A plan by Bank of America Corp. to begin offering electronic bill presentment by yearend to California checking customers could provide new momentum to that much-hyped but still sparsely deployed service.

The bank has completed an employee pilot, launched in March, that proved it could transmit Bank of America credit card bills to consumers electronically, said Jane S. Wallace, senior vice president, in an interview last week at American Banker's Online '99 conference. She said she expects billers other than Bank of America to be sending bills through the system in time for the rollout.

"We're going like gangbusters," Ms. Wallace said.

Banks are pushing to bring bill presentment to market fast. They want to catch up with nonbanks that have courted corporations for what the banks view as essentially a cash-management service. The industry leader, Checkfree Holdings Corp., has signed dozens of corporate billers.

Bank of America will bring its services to market at about the same time as Spectrum, a joint venture of Chase Manhattan Corp., Wells Fargo & Co., and First Union Corp. Spectrum has also said it plans to have bill-presentment services ready by yearend. Ms. Wallace has said she is open to B of A's becoming a member of Spectrum, which is soliciting banks to join.

Spectrum works much like an ATM transaction switching system, connecting corporate billers to retail customers. It would eliminate the need for bilateral connections between individual banks.

Bank of America is working on increasing the number of bills its customers can receive. In the first such partnership for the bank, it announced at the end of last month that it would present bills from companies that work with Billserv.com Inc. and YourAccounts.com. Those are service bureaus that format billing data for the Internet and distribute it to places where customers can get it.

Bank of America has historically been aggressive when it comes to billing services.
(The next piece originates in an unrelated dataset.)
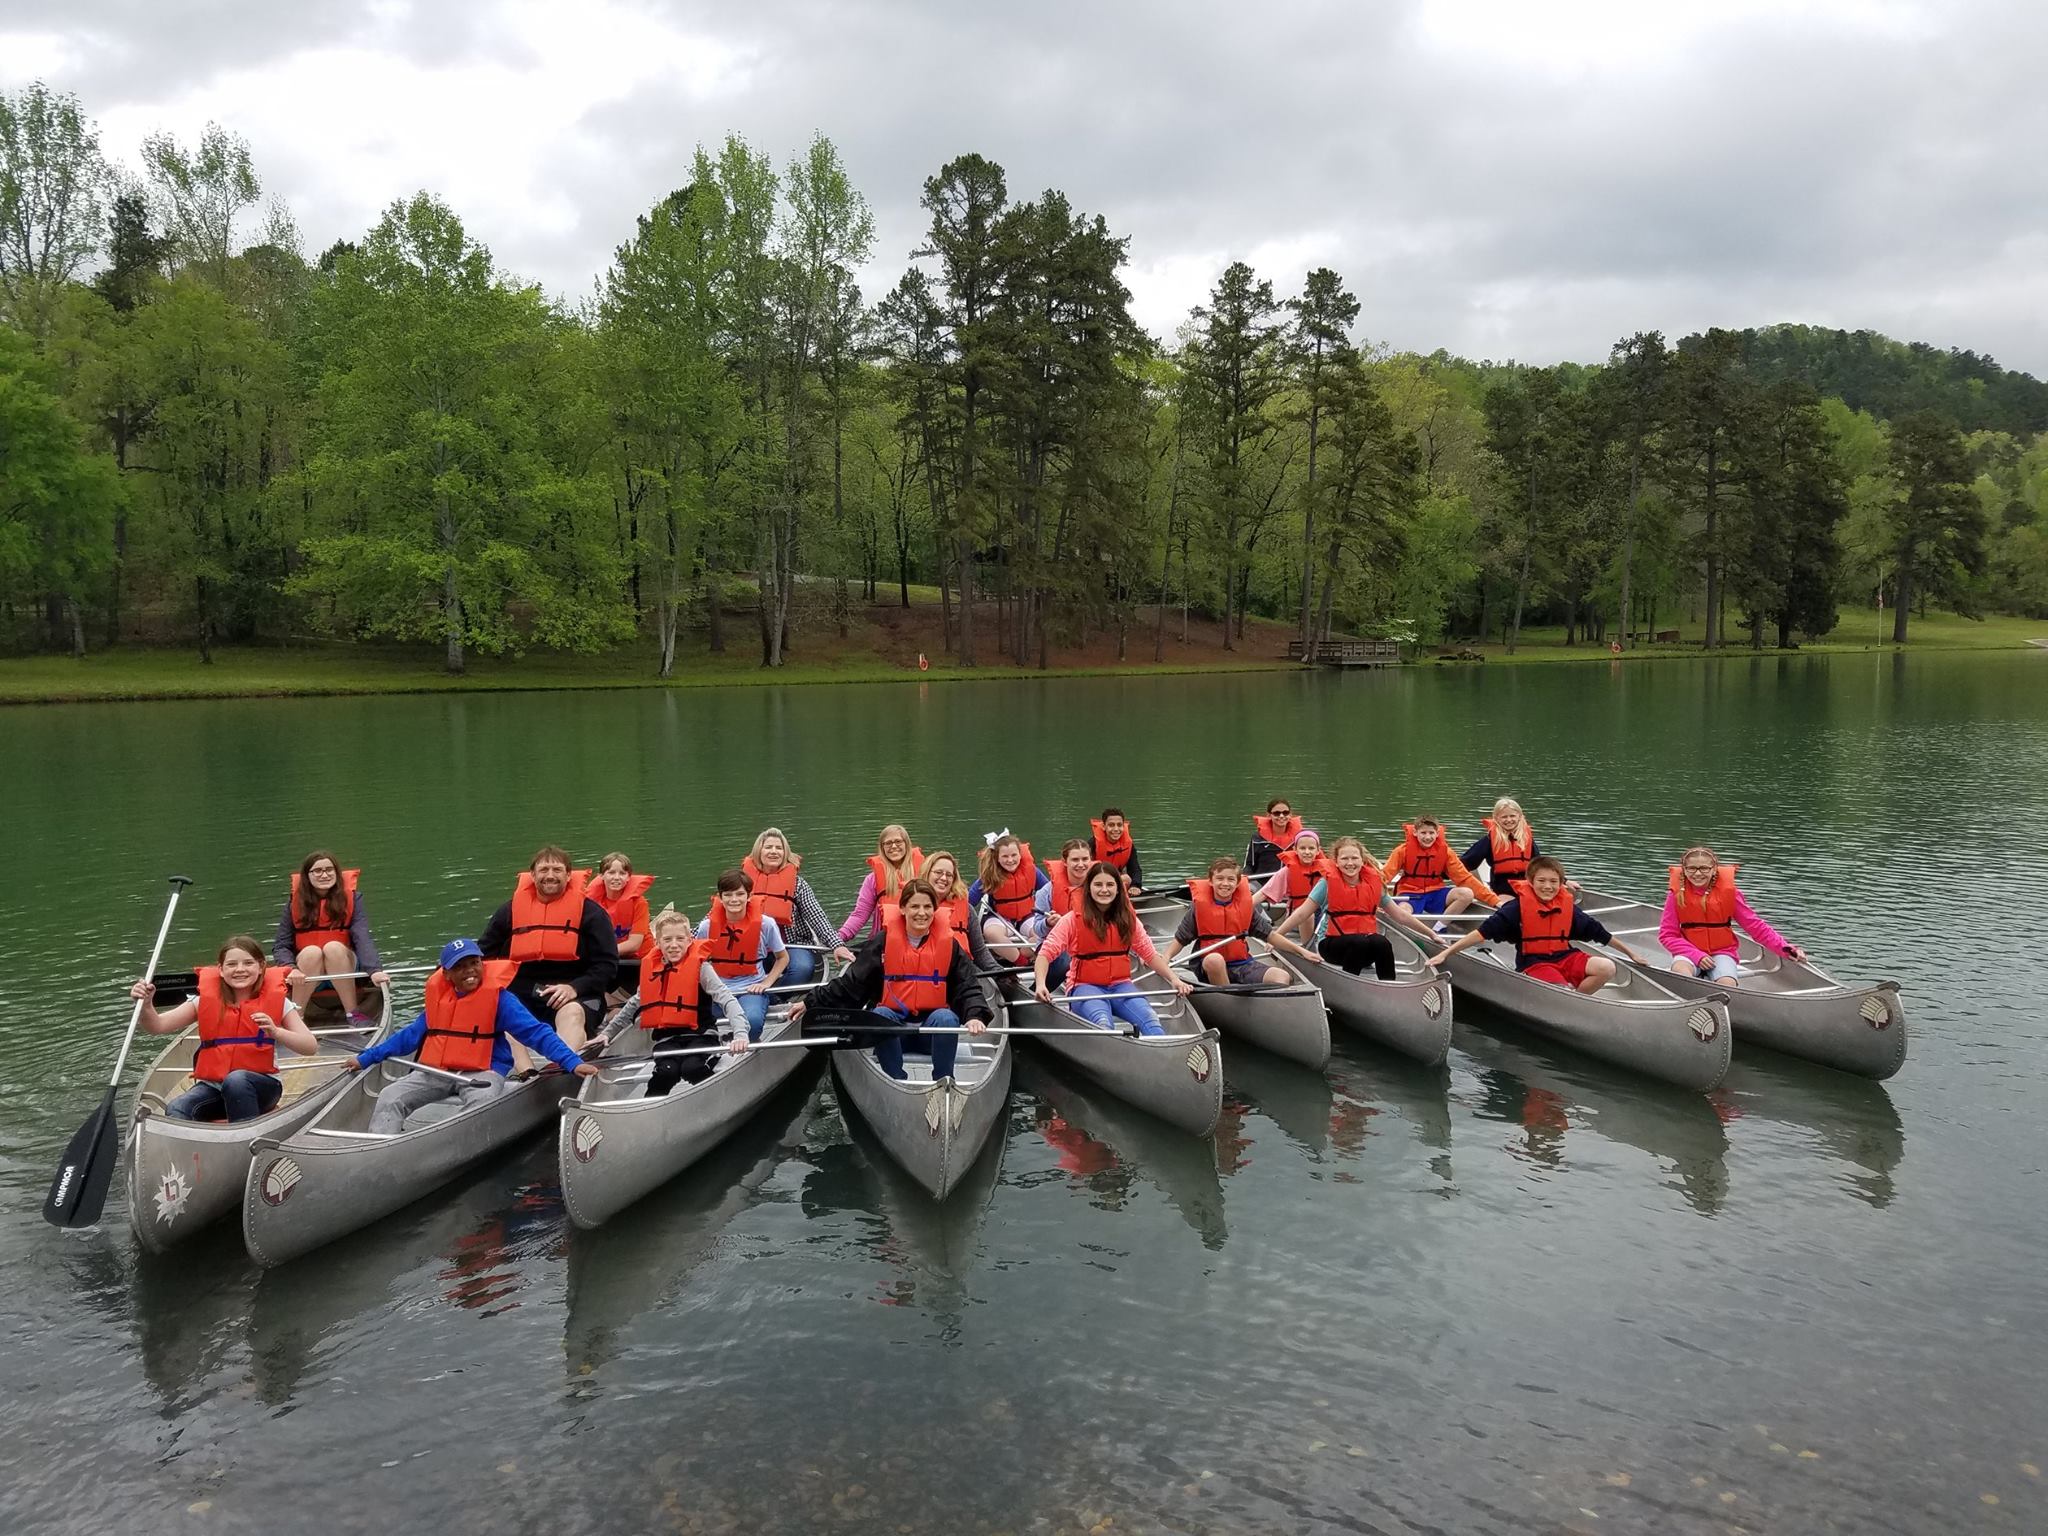 Large group of youth in multiple canoes, all wearing orange life vests, lake and trees in background

Since 1983 it has processed bill payments for California customers on an in-house system, one of only a handful of banks in the nation to do it that way. It uses Checkfree to handle payments for customers outside California.

Seventy-two percent of Bank of America's bill payments are executed through electronic connections with recipients, which are far quicker and less error-prone than manual payments. That rate is significantly higher than the industry average of 41%, Ms. Wallace said. She said Bank of America raised its electronic payment ratio last month to 72%, from 71% the month before. To get that extra 1% was "like the parting the seas," she said.

Building electronic connections with companies below the largest few hundred is a painstaking process. Bank of America's ability to "turn those payments on" is the result of a multifaceted, extremely focused program that requires the bank to constantly reexamine its strategy, Ms. Wallace said.

The "tremendous effort is worth it," she said, because it enhances Bank of America's overall on-line banking service, ensuring faster postings of electronic payments and fewer errors.

"We want every customer to have an excellent experience," Ms. Wallace said.